Several other School Board members say they are also open to such a policy.

“It’s really bad out there,” board member Nora Rupert said.

The issue would likely need to be bargained with employee groups. Broward Teachers Union President Anna Fusco said she supports the idea.

“We are going to talk about this. We have requested a meeting and they are scheduling it,” Fusco said in a text.

Palm Beach County School Board Chairman Frank Barbieri said he hasn’t heard Superintendent Michael Burke mention an adults-only mask policy, but Justin Katz, president of the Classroom Teachers Association, said, “We’re hearing that’s something being entertained by the district.”
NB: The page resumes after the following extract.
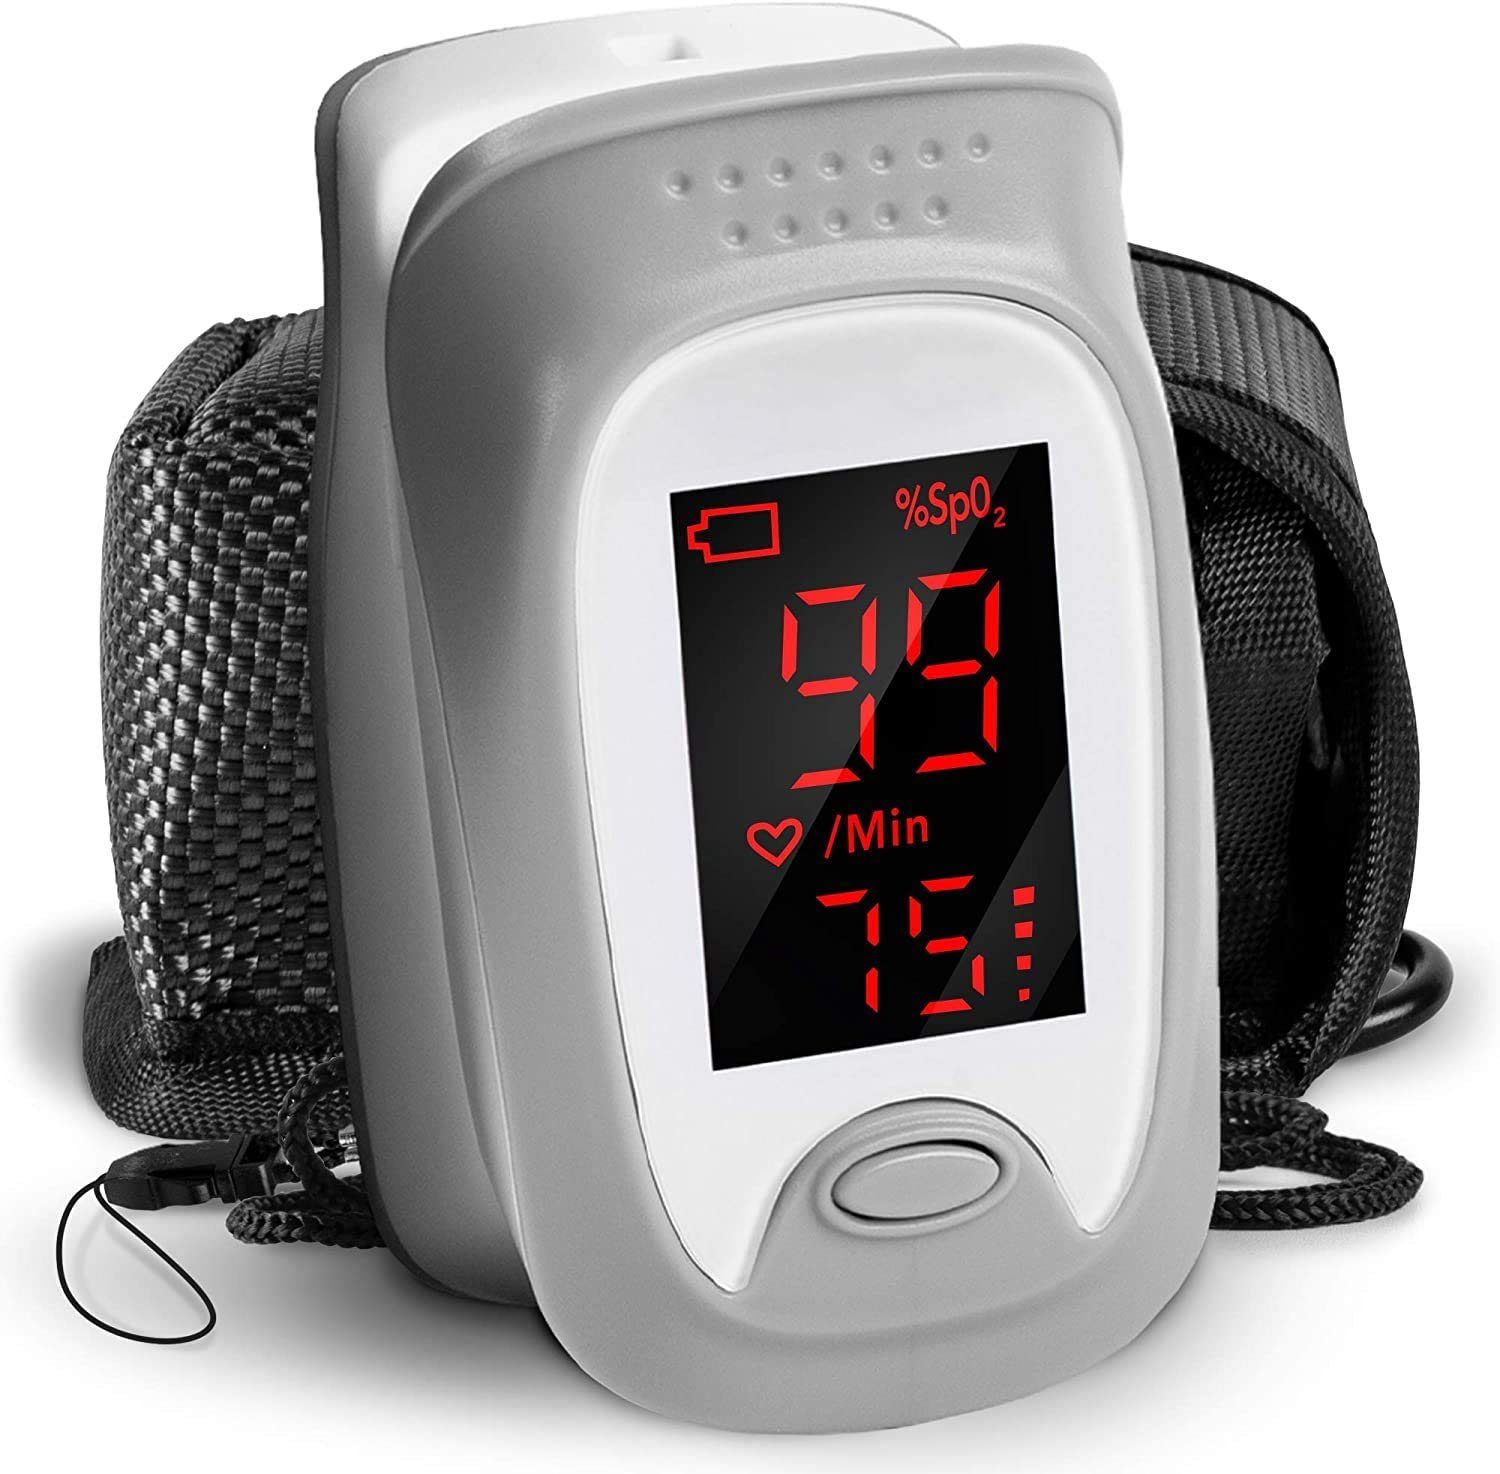 Duronic Pulsoximeter, OX01R Pulsoximeter, Ermittlung der Herzfrequenz und arteriellen Sauerstoffsättigung, Digitale Anzeige, Einfache und schmerzfreie Messung, Inklusive Halterung und Tasche
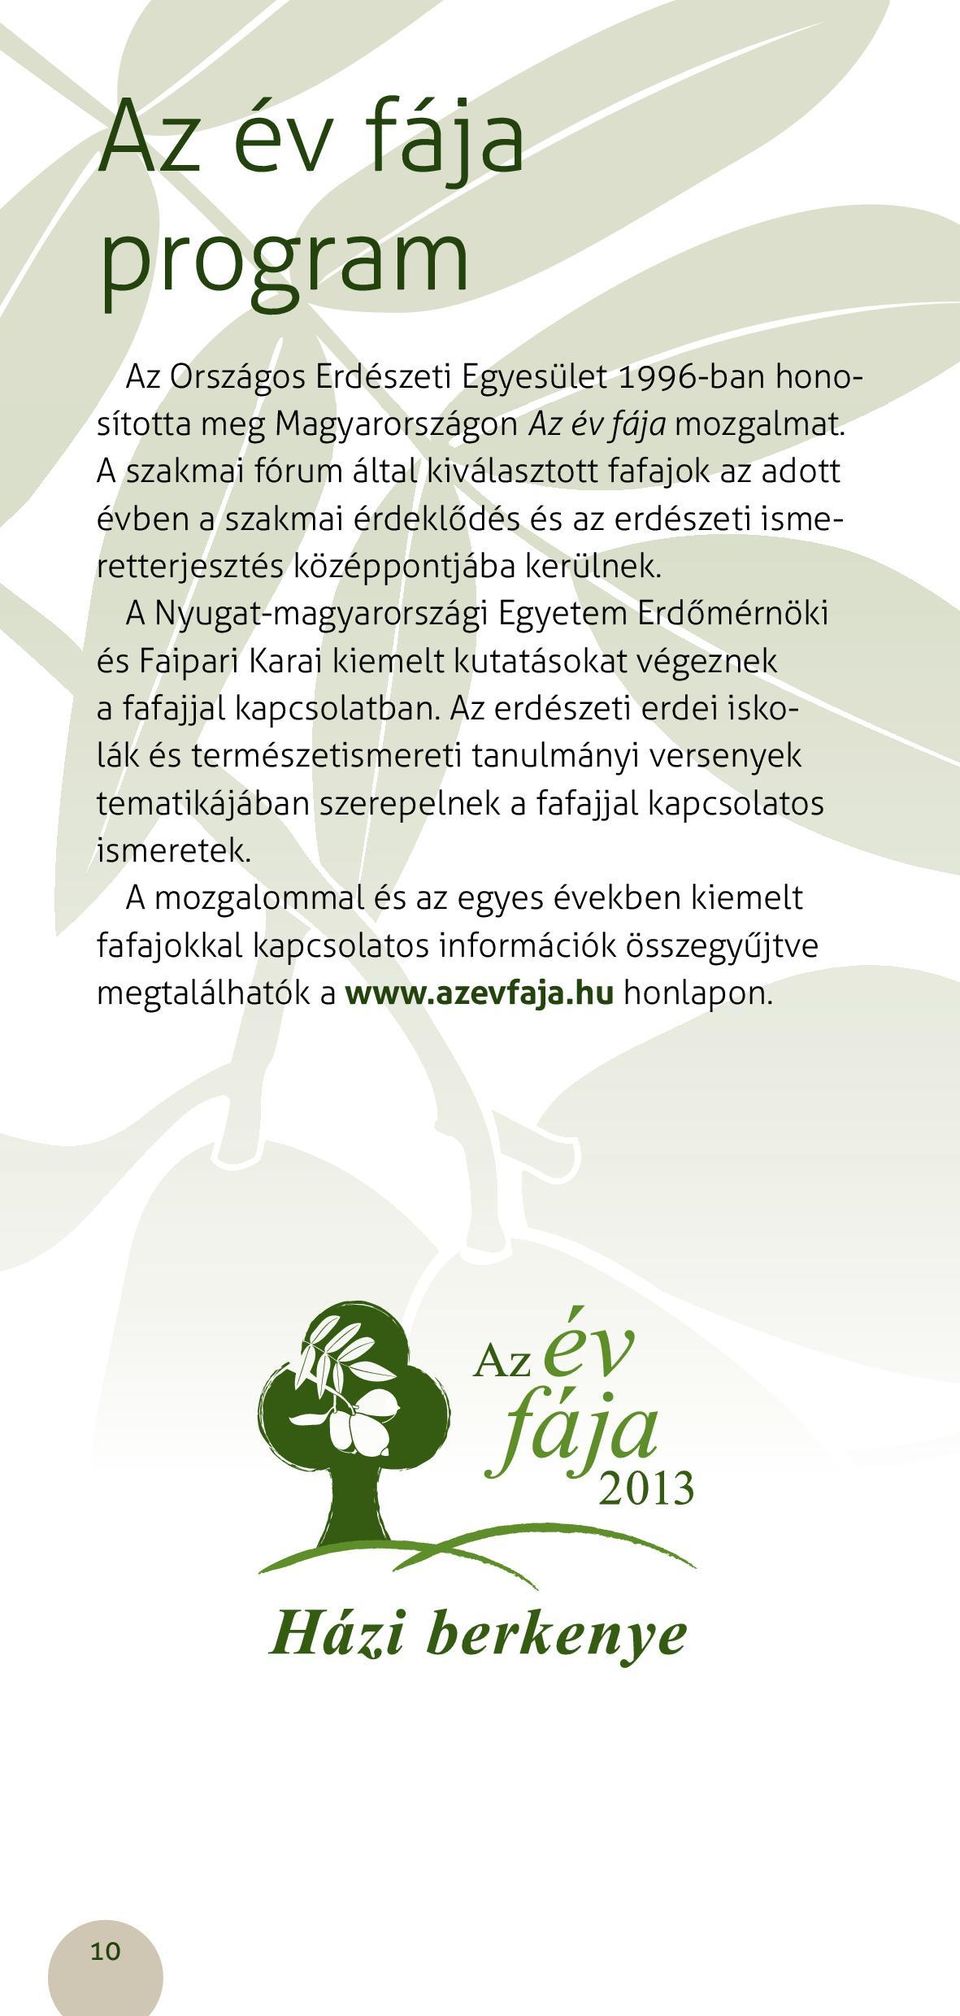 A Nyugat-magyarországi Egyetem Erdőmérnöki és Faipari Karai kiemelt kutatásokat végeznek a fafajjal kapcsolatban.

Katz said the union has no official position, but he’s skeptical about how effective such a mandate would be.

“It would be mandating masks for mostly vaccinated people, the adults in the building, when you’ve got hundreds or thousands of people, the students, who are not vaccinated,” Katz said. “It seems like putting a Band-Aid on a serious injury.”

Katz said it could also be difficult to enforce for parents coming onto campus.

“If they refuse to wear masks, are you going to turn a parent away from a parent-teacher conference?” Katz asked.